I think my confusion was exactly the difference between your last two paragraphs. A trivial transformation is still a local symmetry.
So the "amount" of charge is a distinct property of the fields, which is restricted to representations of the gauge group.
And that is why we (sometimes) need to talk about it separately.
How is that related to the psibar*psi term in the derivative here czcams.com/video/qtf6U3FfDNQ/video.html ? Or am I misunderstanding which derivative that is?

@narfwhals7843 ah, this term comes exactly from trying to take the derivative of the gauge-transformed field. I apologize in advance for the formatting, but when I take psi-> exp(i*e*theta(x))*psi and psibar -> psibar*exp(-i*e*theta(x)), where e is the charge of the field and theta(x) is the spacetime-dependent transformation parameter, the impertant terms with the derivative of psi transform as psibar*dpsi/dx -> psibar*(dpsi/dx + i*e*psi*dtheta/dx). The first term isn't a problem, since this is the term we started with, but the second term is an issue, since it adds a term we didn't have before, which is clearly an issue for a symmetry. However, when we have a gauge-covariant derivative, we also have a coupling like psibar*i*e*A*psi where A is the gauge field. Under a gauge transformation, the gauge field also transforms like A -> A - dtheta/dx. So, when we add this all together, the combined transformation of the gauge field as well as the local transformation of the charged fields exactly cancel, leaving the theory invariant under the combined transformation. Note that this is exactly related to the fact that the charge in the transformation is the same as the charge in the gauge-covariant derivative: the transformation of the gauge field makes no reference to the particular charge of any one field, so in order for the cancellation to happen correctly, the gauge field needs to paired with the appropriate charge in the covariant derivative acting on the field.
Now, this story gets slightly more complicated for a non-abelian group, but the general idea is the same. Just replace the charge with the appropriate generators of the group corresponding to the representation of the given field.

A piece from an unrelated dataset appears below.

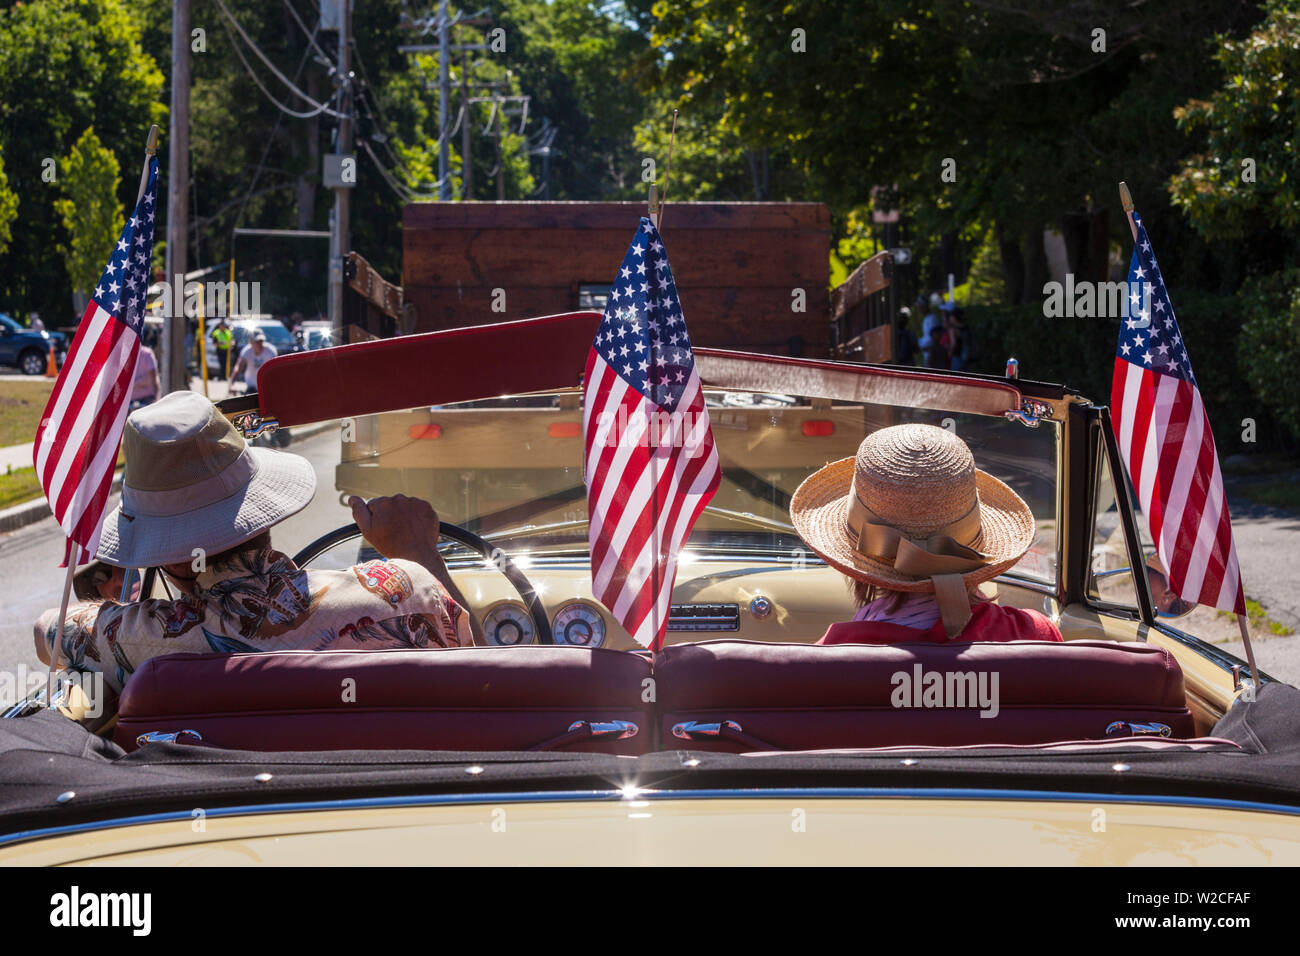 USA, Massachusetts, Manchester By The Sea, Fourth of July, parade of antique cars Stock Photo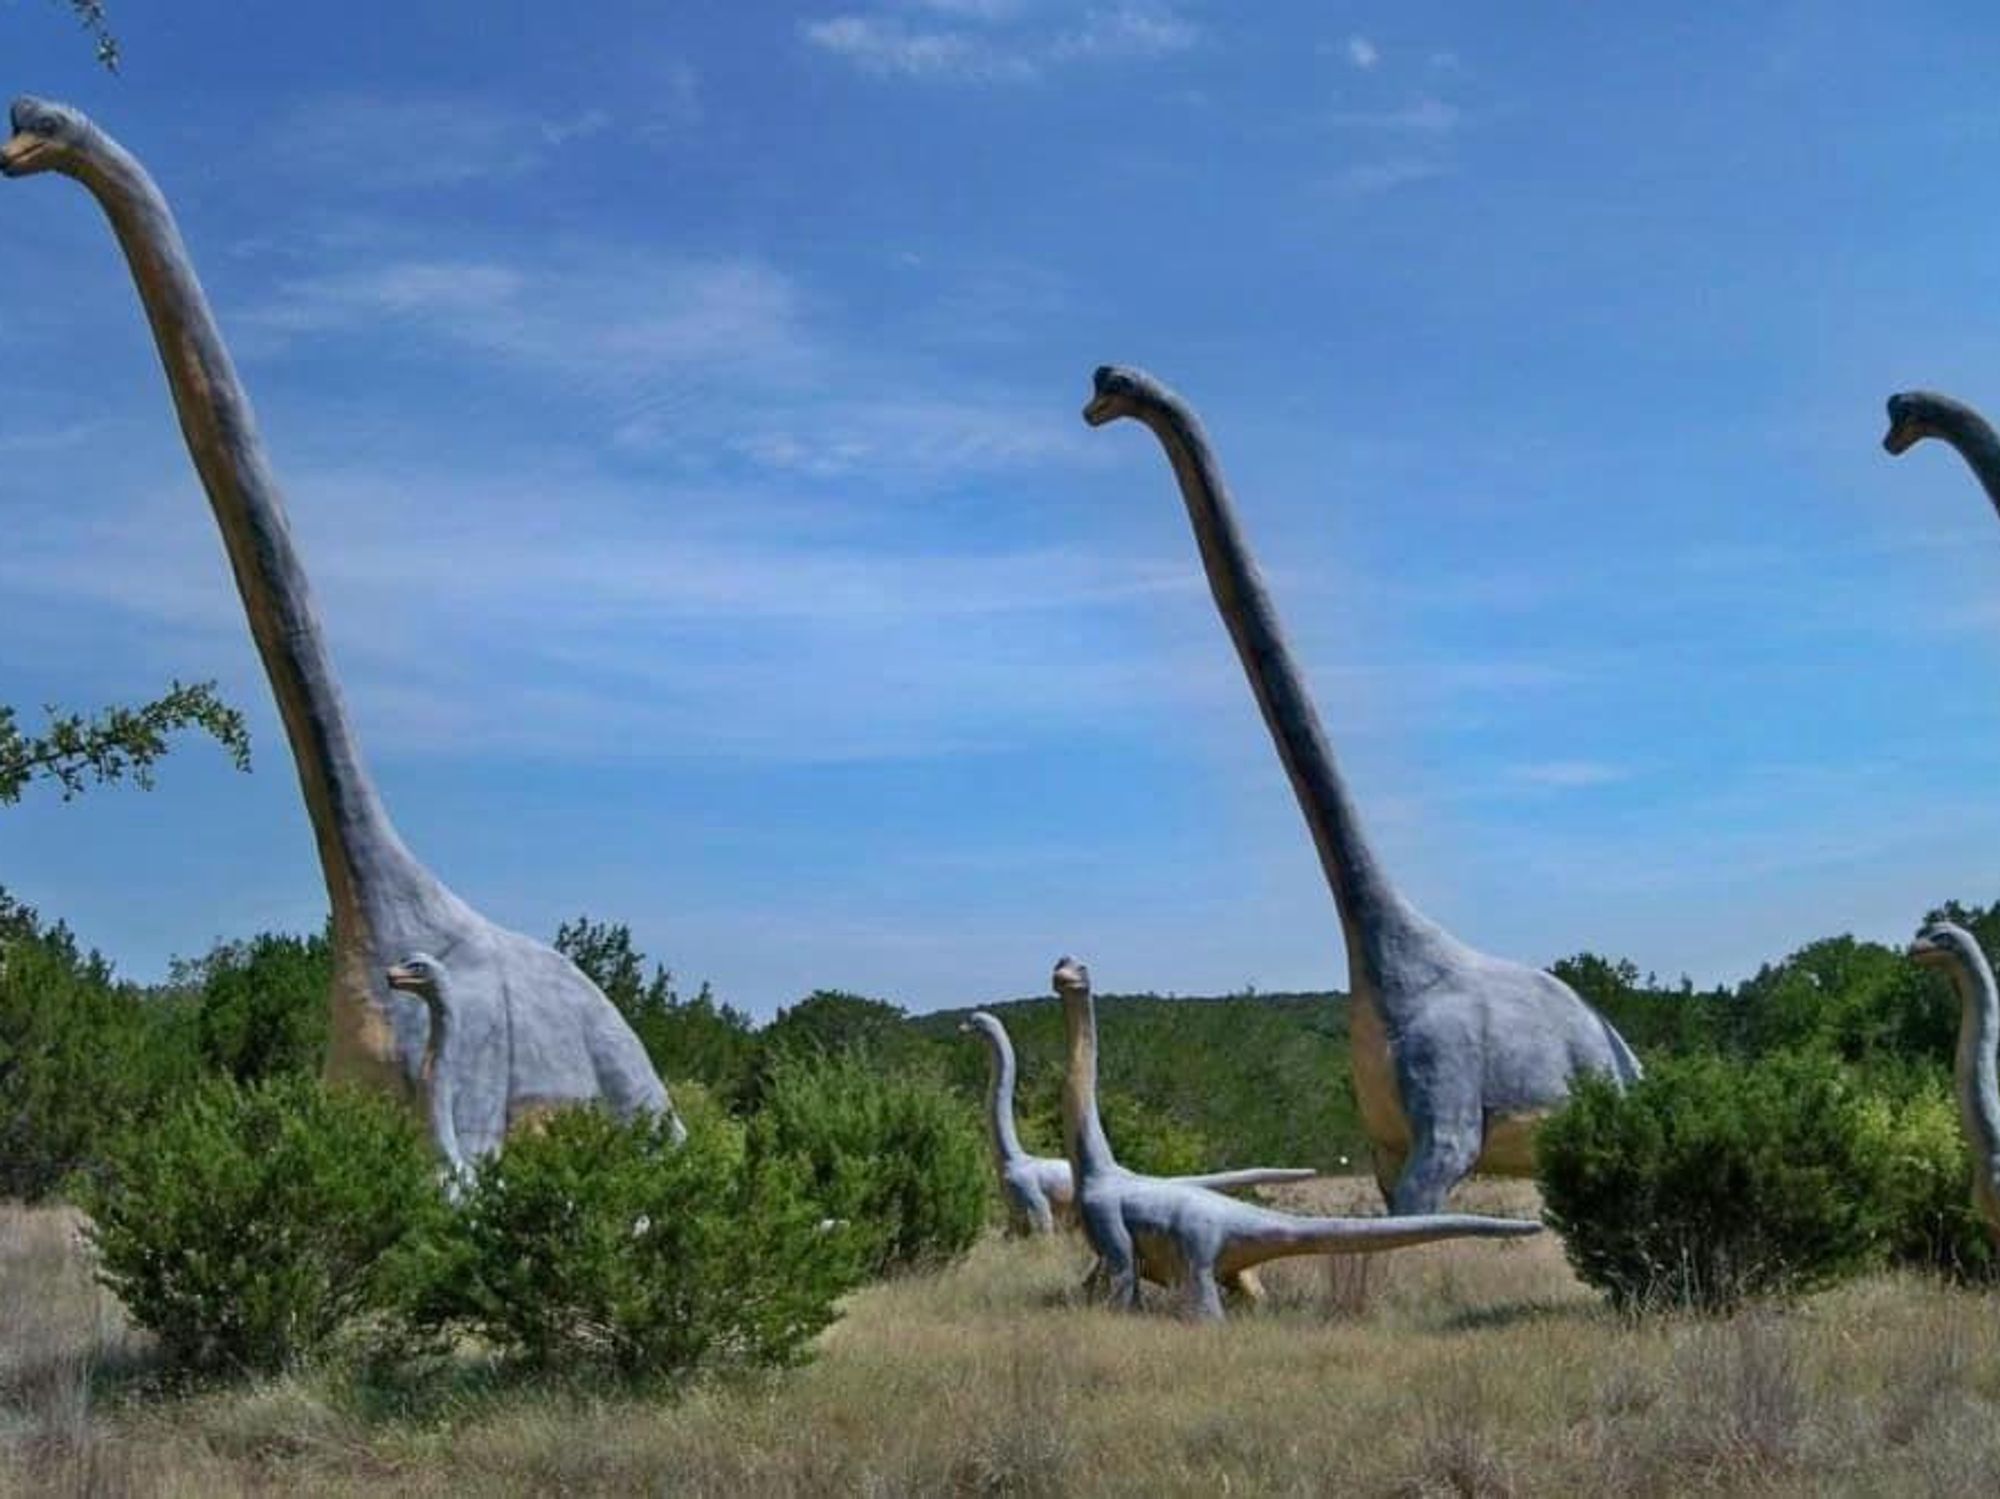 It's a prehistoric playground at Dinosaur World Texas with hundreds of life-sized dinos.

@@zapphysics Thank you, this was very helpful!

@Wittgenstein bro this is a bit of a tricky question that should be approached a bit carefully. The first point to make is that the idea of virtual particles _comes from perturbation theory_ and really should be considered a mathematical tool we use to approximate calculations, not as a comment on anything physically happening. So, if we have a strongly-coupled theory like low-energy QCD where perturbation theory breaks down, it doesn't make sense to talk in terms of virtual particles anymore. Really, it doesn't even make sense to talk about particles in general, since a particle picture of an interacting quantum field theory assumes that an excitation of an interacting quantum field will behave very similar to that of a free field (where excitations look exactly like particles) with corrections coming from the interaction which are calculated using perturbation theory. When we have a strongly-coupled theory, this assumption breaks down and excitations of a strongly-interacting quantum field theory will look very different from the free-field, particle-like approximation.
So, it isn't so much that gluons are always virtual particles as much as the dynamics of the gluon field at low energies does not resemble particle-like behavior anymore.